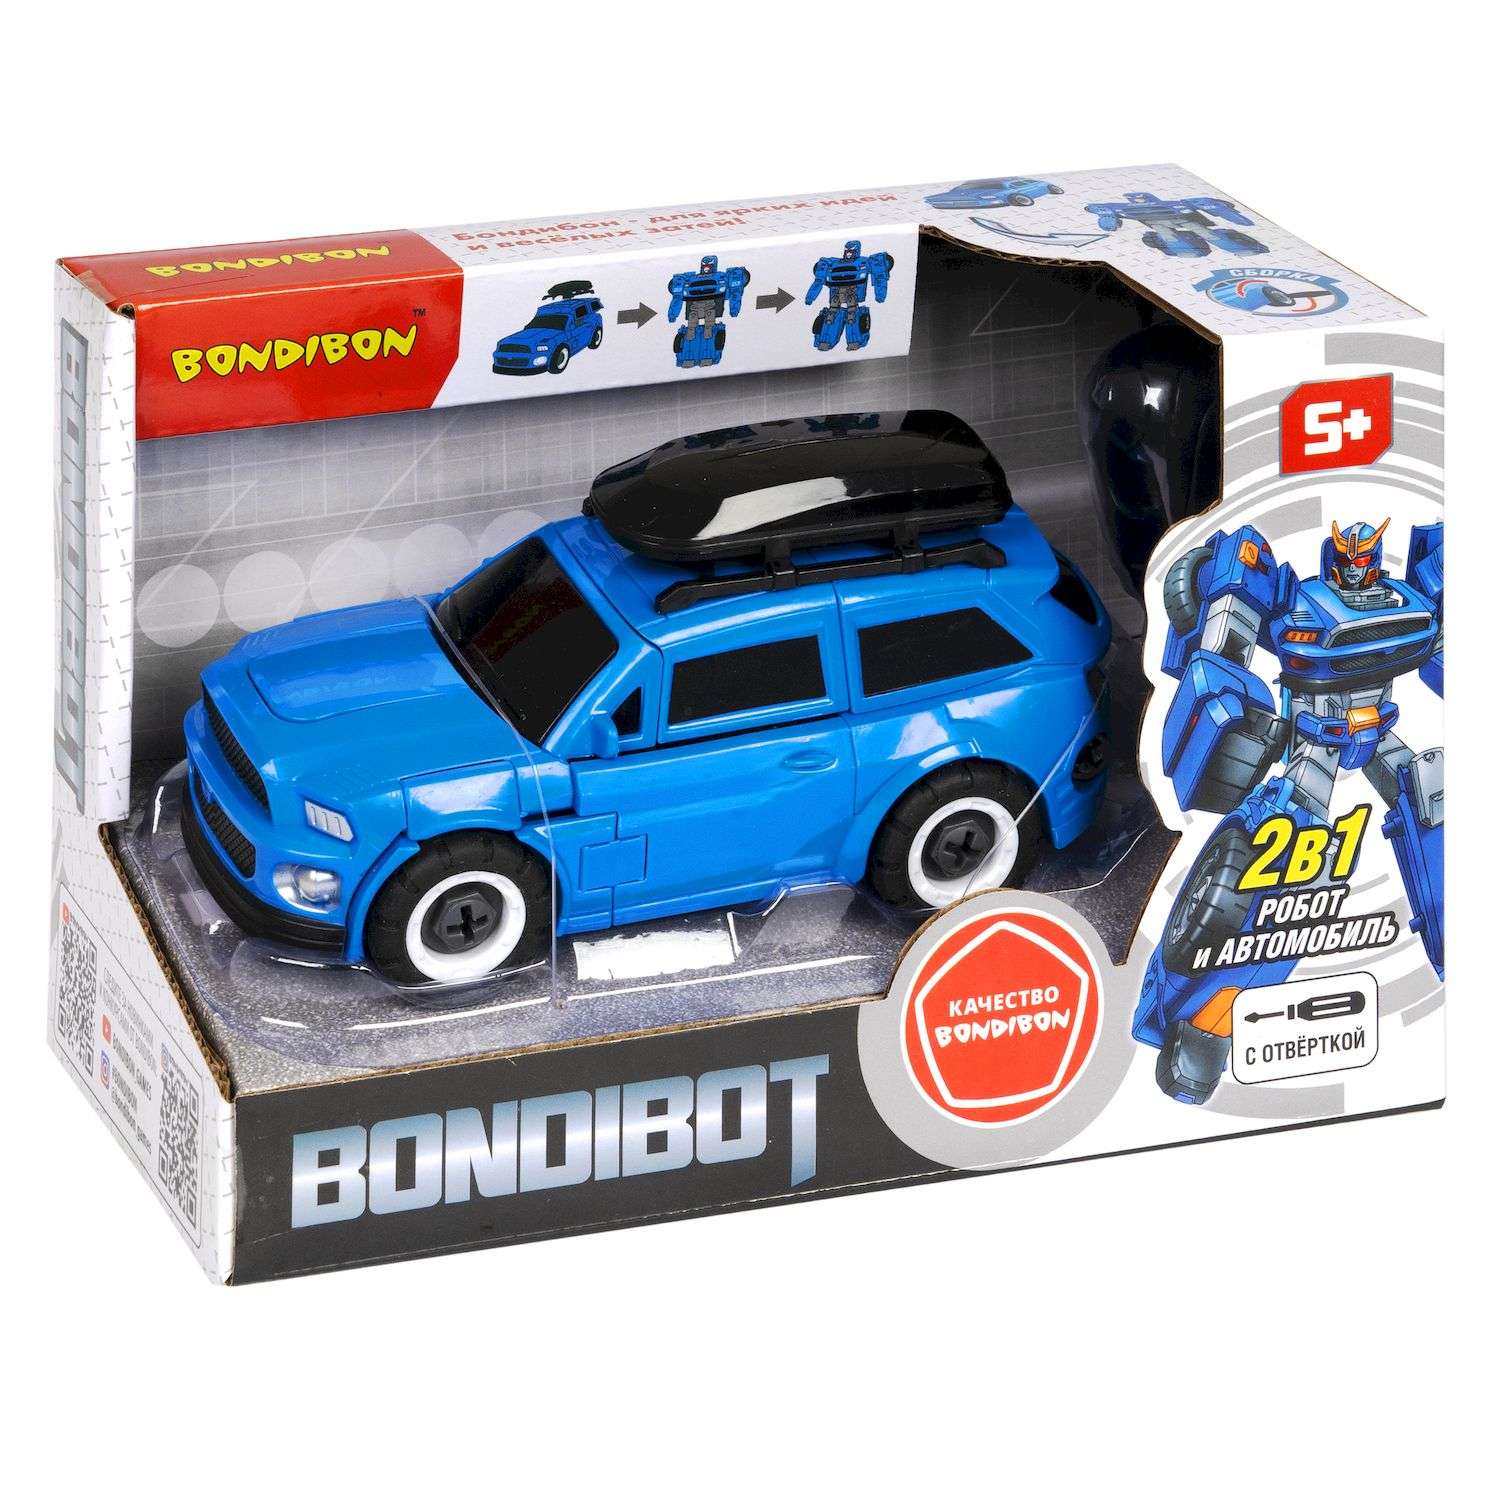 Трансформер BONDIBON Bondibot Робот-автомобиль с отвёрткой 2 в 1 джип синего цвета - фото 3
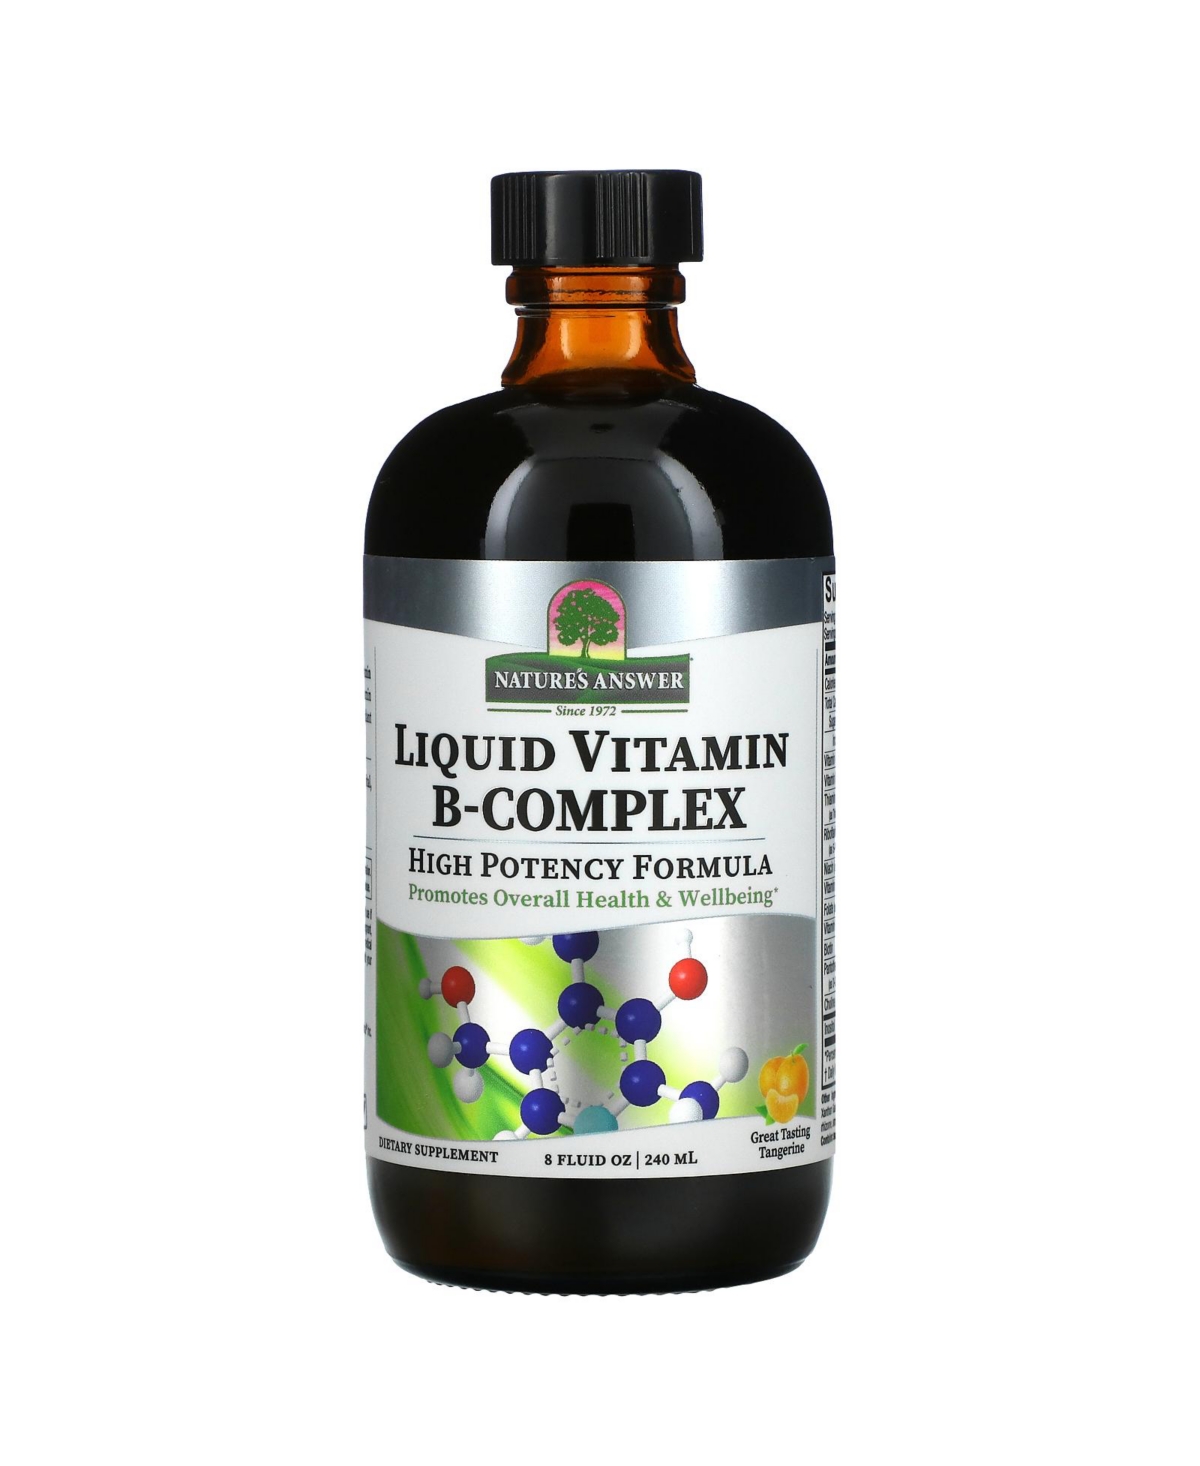 Liquid Vitamin B-Complex Great Tasting Tangerine - 8 fl oz (240 ml) - Assorted Pre-Pack
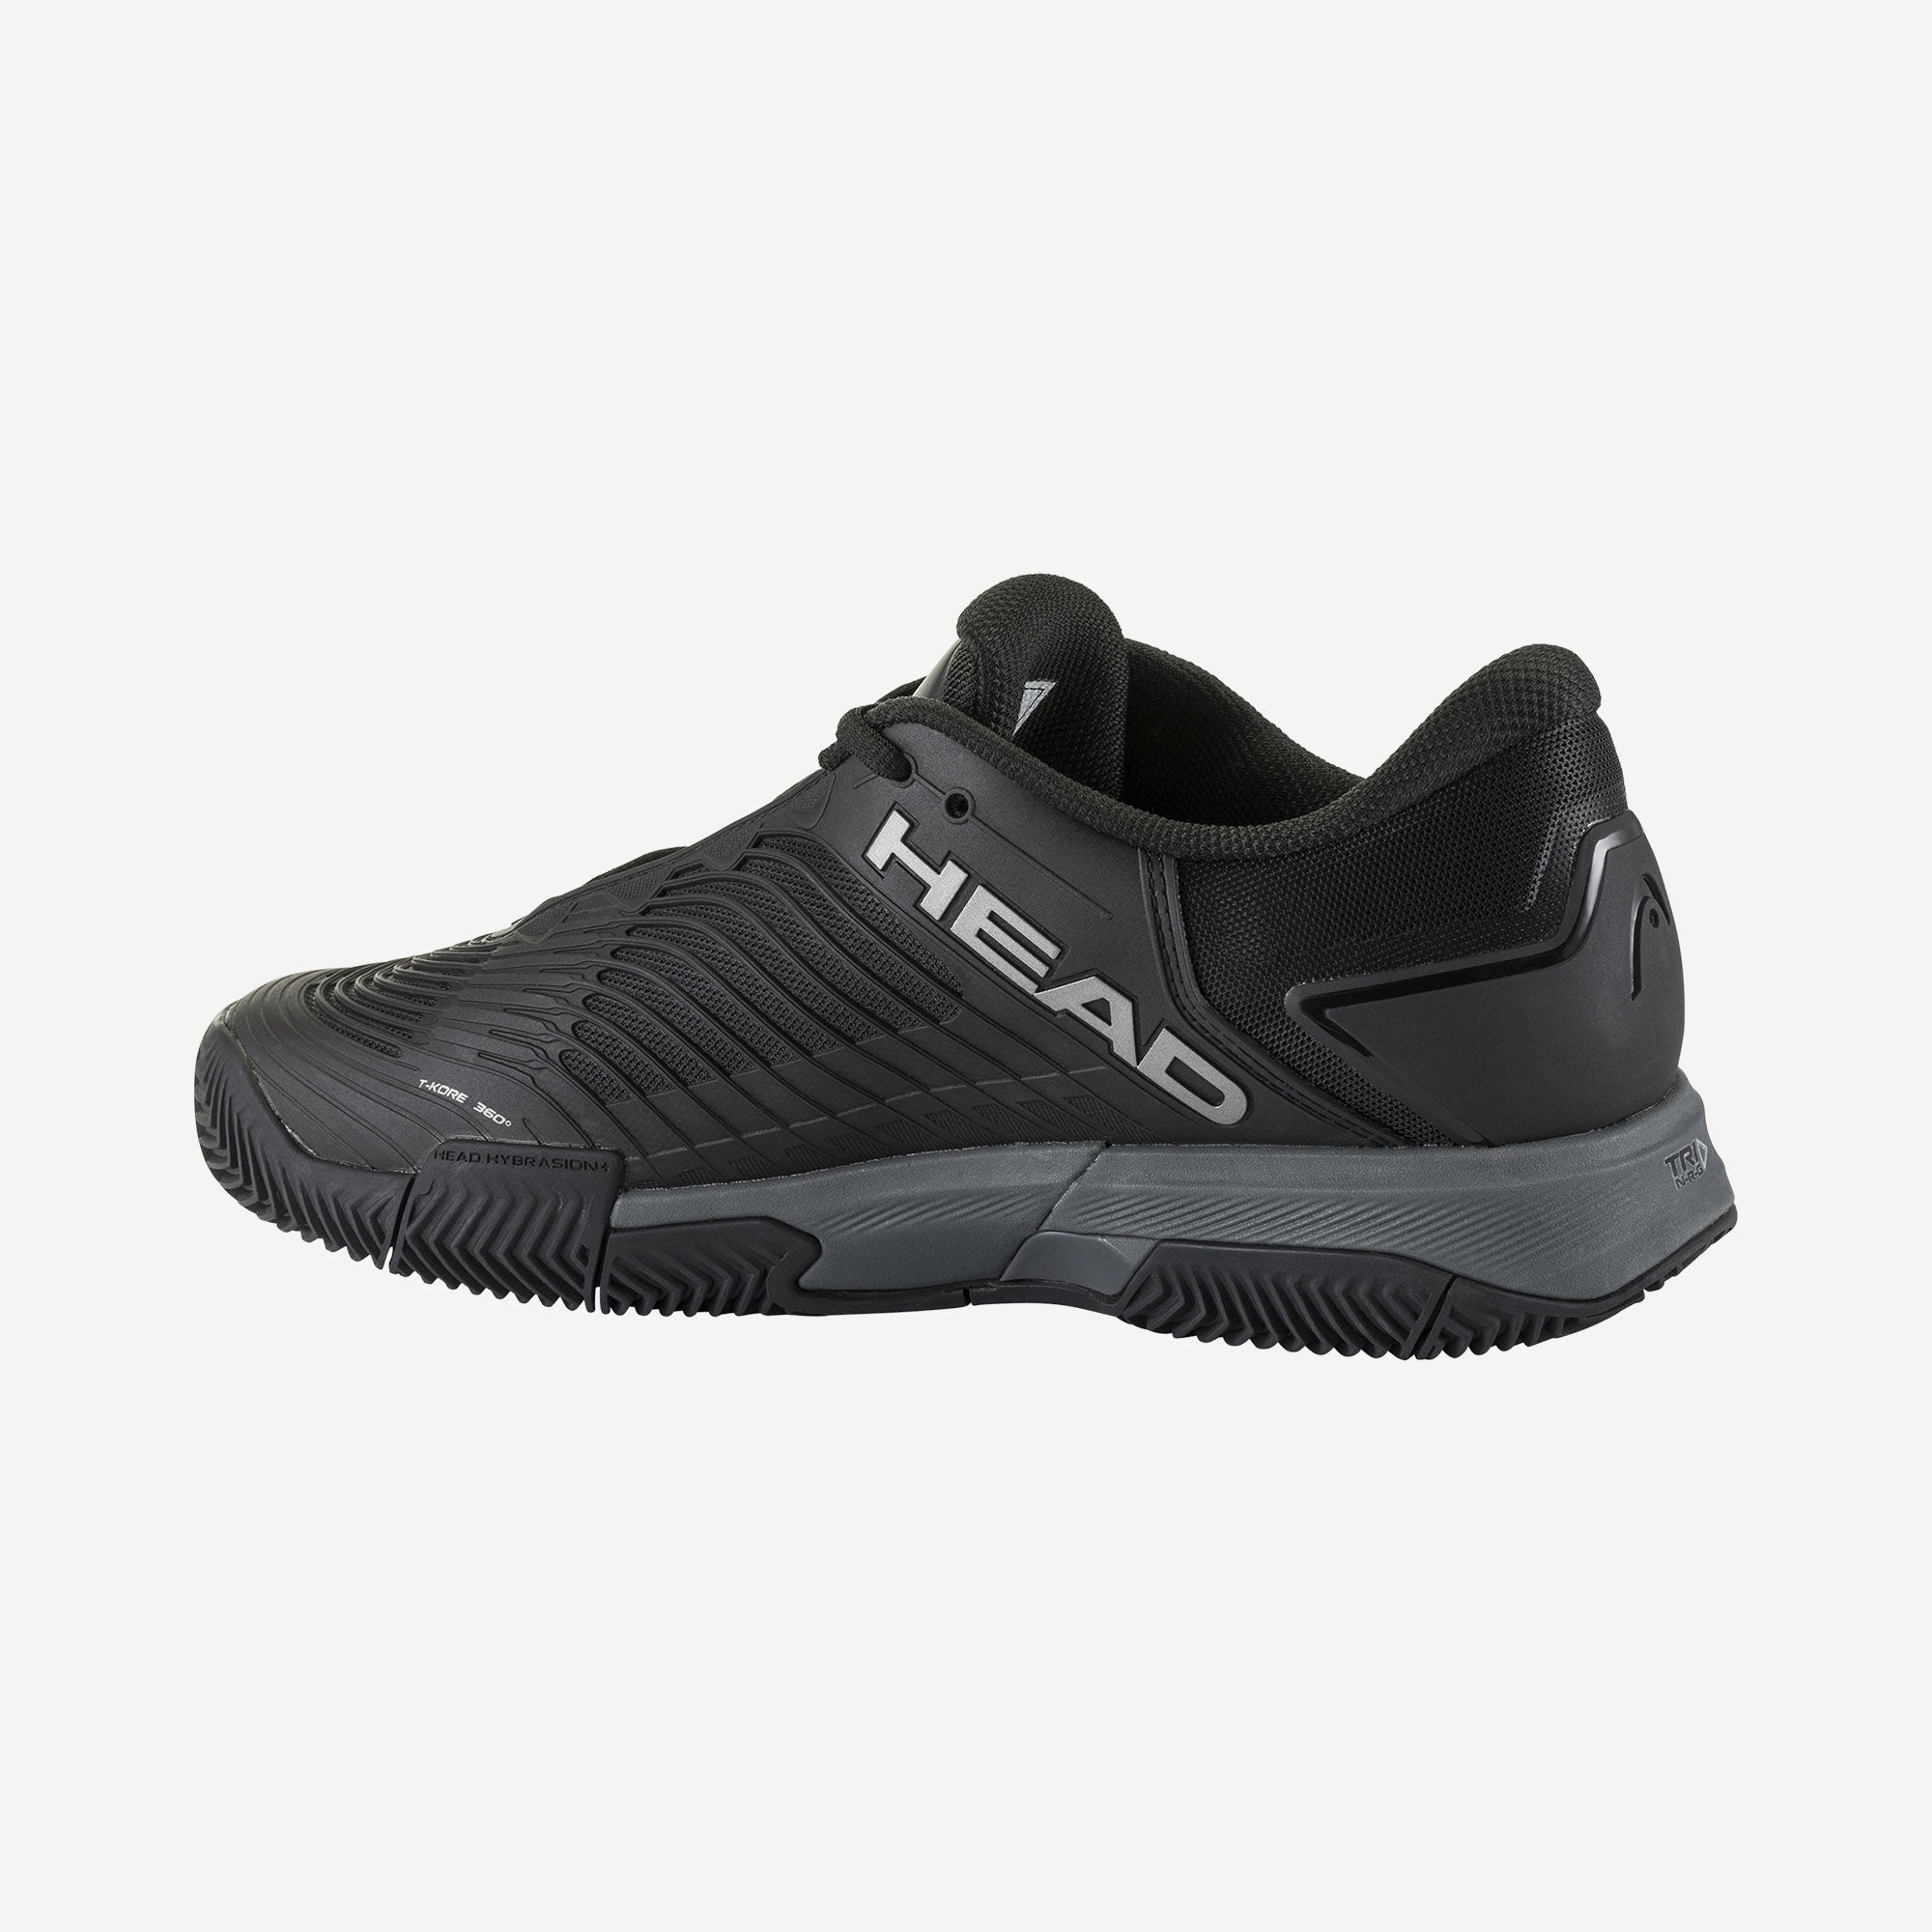 HEAD Revolt Pro 4.5 Men's Clay Court Tennis Shoes - Black (3)
━━━━━━━━━━
[REQUIRED WORK] All that is needed is the data above, repeated exactly, without the pictures.

[EXERCISE SOLUTION]
 Трансформер BONDIBON Bondibot Робот-автомобиль с отвёрткой 2 в 1 джип синего цвета - фото 3
 Liquid Vitamin B-Complex Great Tasting Tangerine - 8 fl oz (240 ml) - Assorted Pre-Pack
 HEAD Revolt Pro 4.5 Men's Clay Court Tennis Shoes - Black (3)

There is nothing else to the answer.